When the researchers plotted the rate at which specific events occurred for different energy levels, the curve was found to have a distinct ‘hump’ just where it would be expected if the Higgs boson existed. Crucially, a form of chisquared goodness-of-fit test revealed a P-value of less than 1 in 3.5 million, under the null hypothesis that the Higgs did not exist and the ‘hump’ was simply the result of random variation.

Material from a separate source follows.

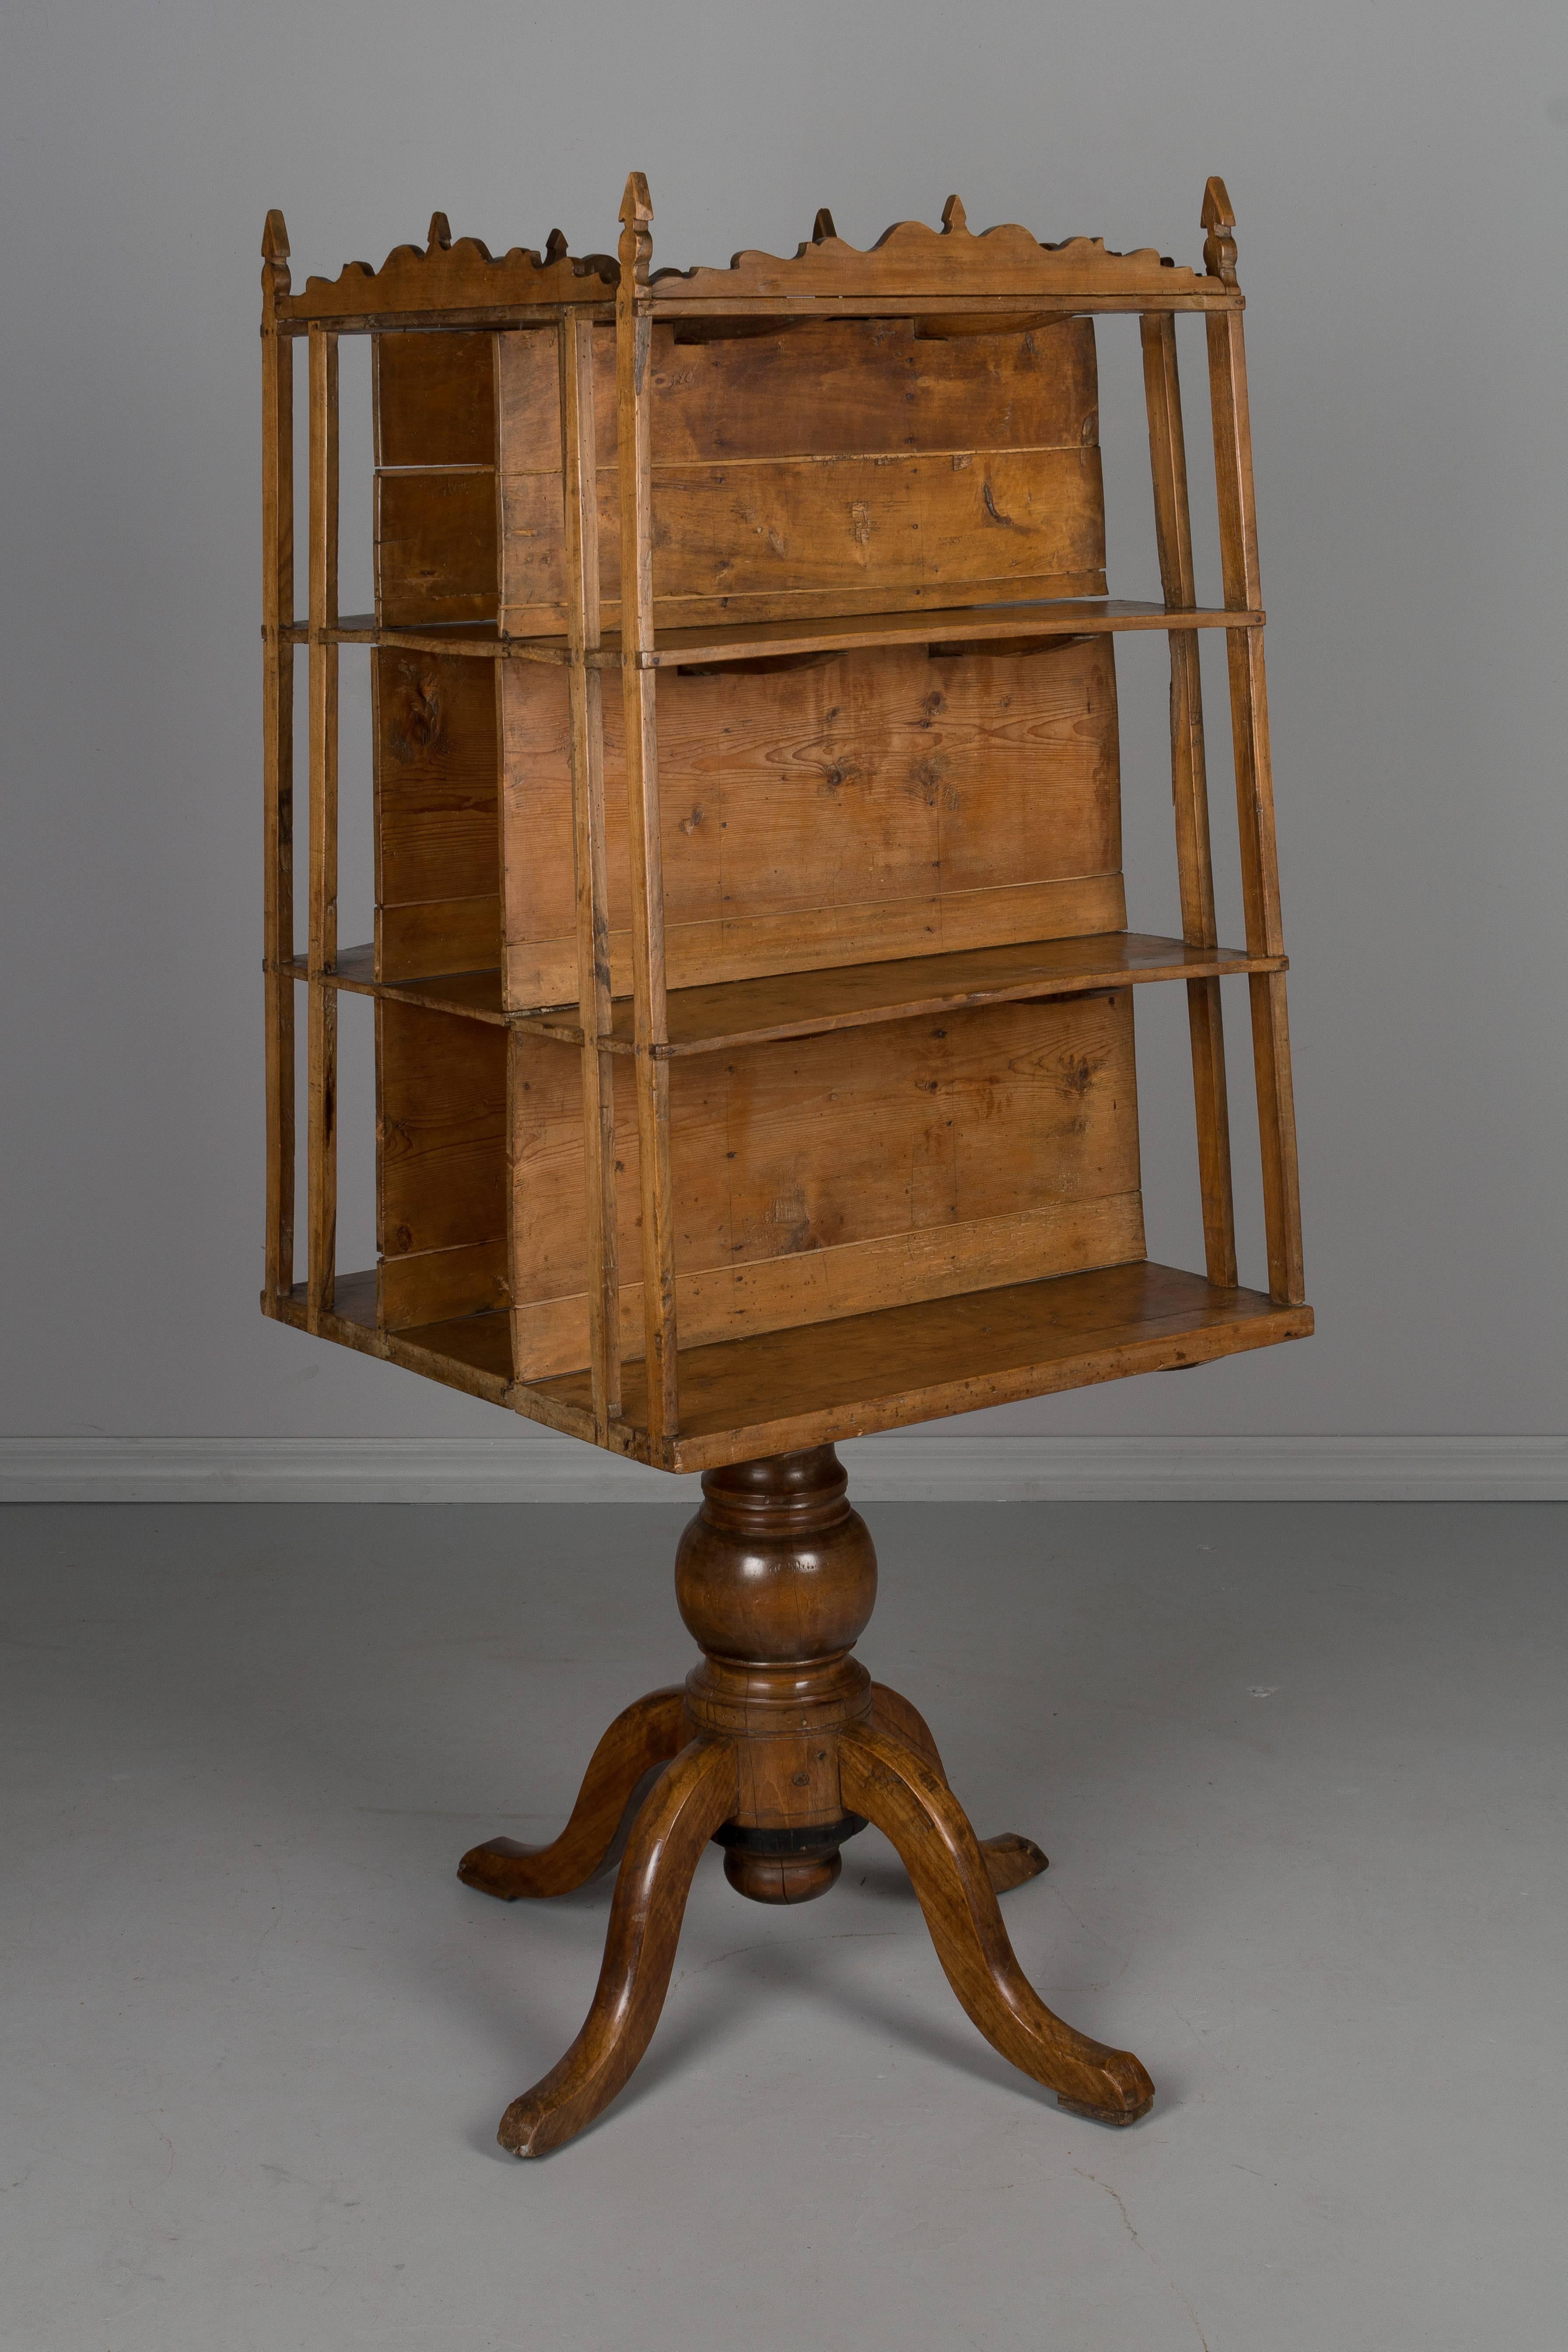 A 19th century French rustic rotating bookshelf made of cherrywood. In two parts, the book shelf has a hole through the middle and fits onto the post of the heavy turned pedestal base. Simple decorative trim at the top. This was used as a store
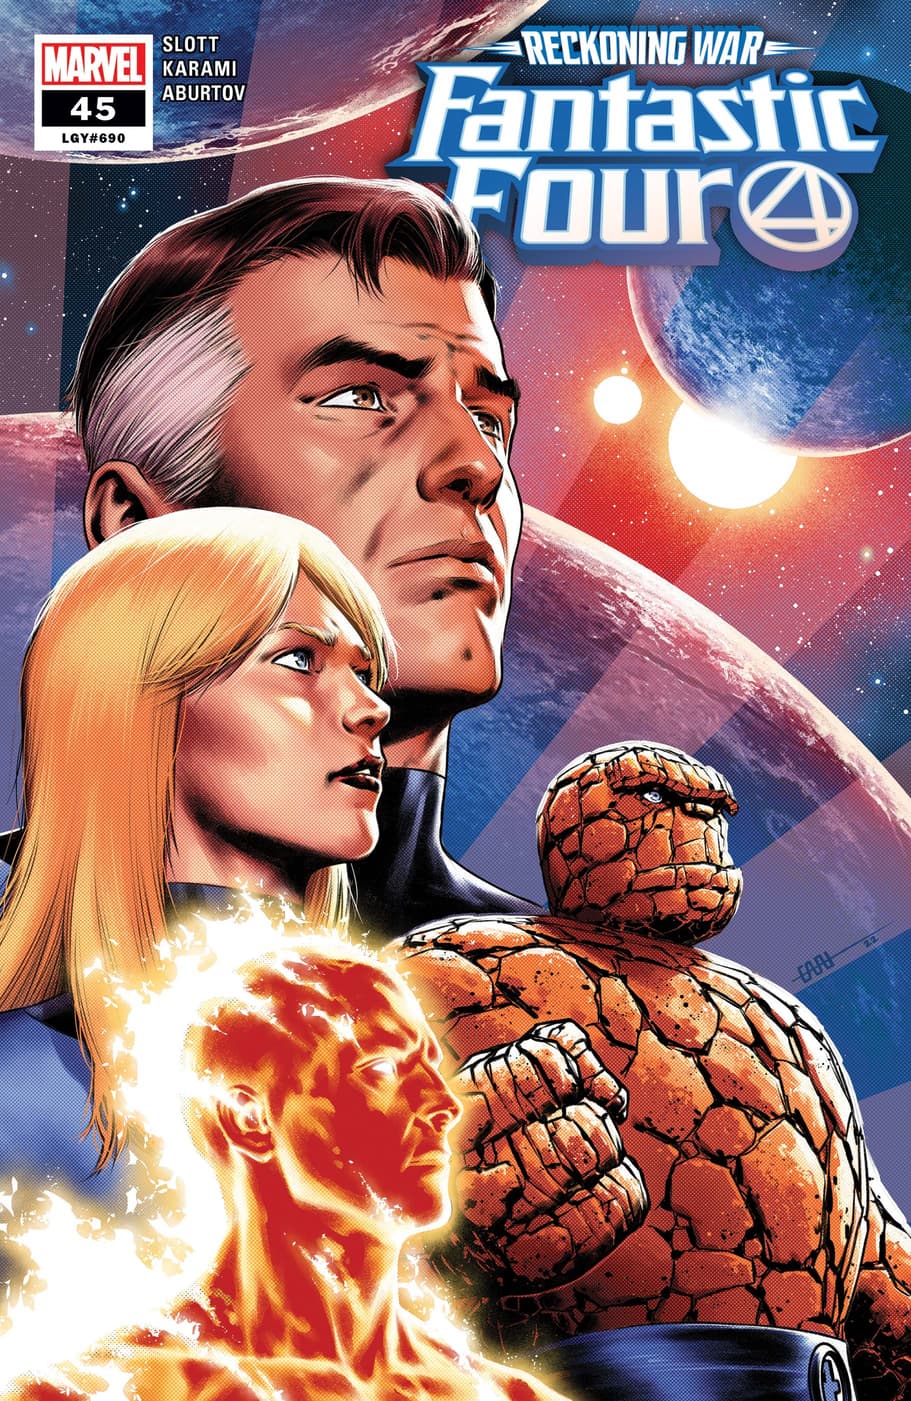 FANTASTIC FOUR (2018) #45 cover by Cafu

But why was this reported as a ‘five-sigma’ discovery?
It is standard in theoretical physics to report claims of discoveries in terms of ‘sigmas’, where a ‘two-sigma’ result is an observation that is two standard errors away from the null hypothesis (remember that we used sigma (σ) as the Greek letter representing a population standard deviation): the ‘sigmas’ in theoretical physics correspond precisely to the t-value in the computer output shown in Table 10.5 for the multiple regression example. Since an observation that gave a two-sided P-value of 1 in 3.5 million—that observed from the chi-squared test—would be five standard errors from the null hypothesis, the Higgs boson was therefore said to be a five-sigma result.
The team at CERN clearly did not want to announce their ‘discovery’ until the P-value was extremely small. First, they needed to allow for the fact that significance tests had been carried out at all energy levels, not just the one in the final chisquared test—this adjustment for multiple testing is known as the ‘look elsewhere effect’ in physics. But mainly they wanted to be confident that any attempt at replication would come up with the same conclusion. It would simply be too embarrassing to make an incorrect claim about the laws of physics.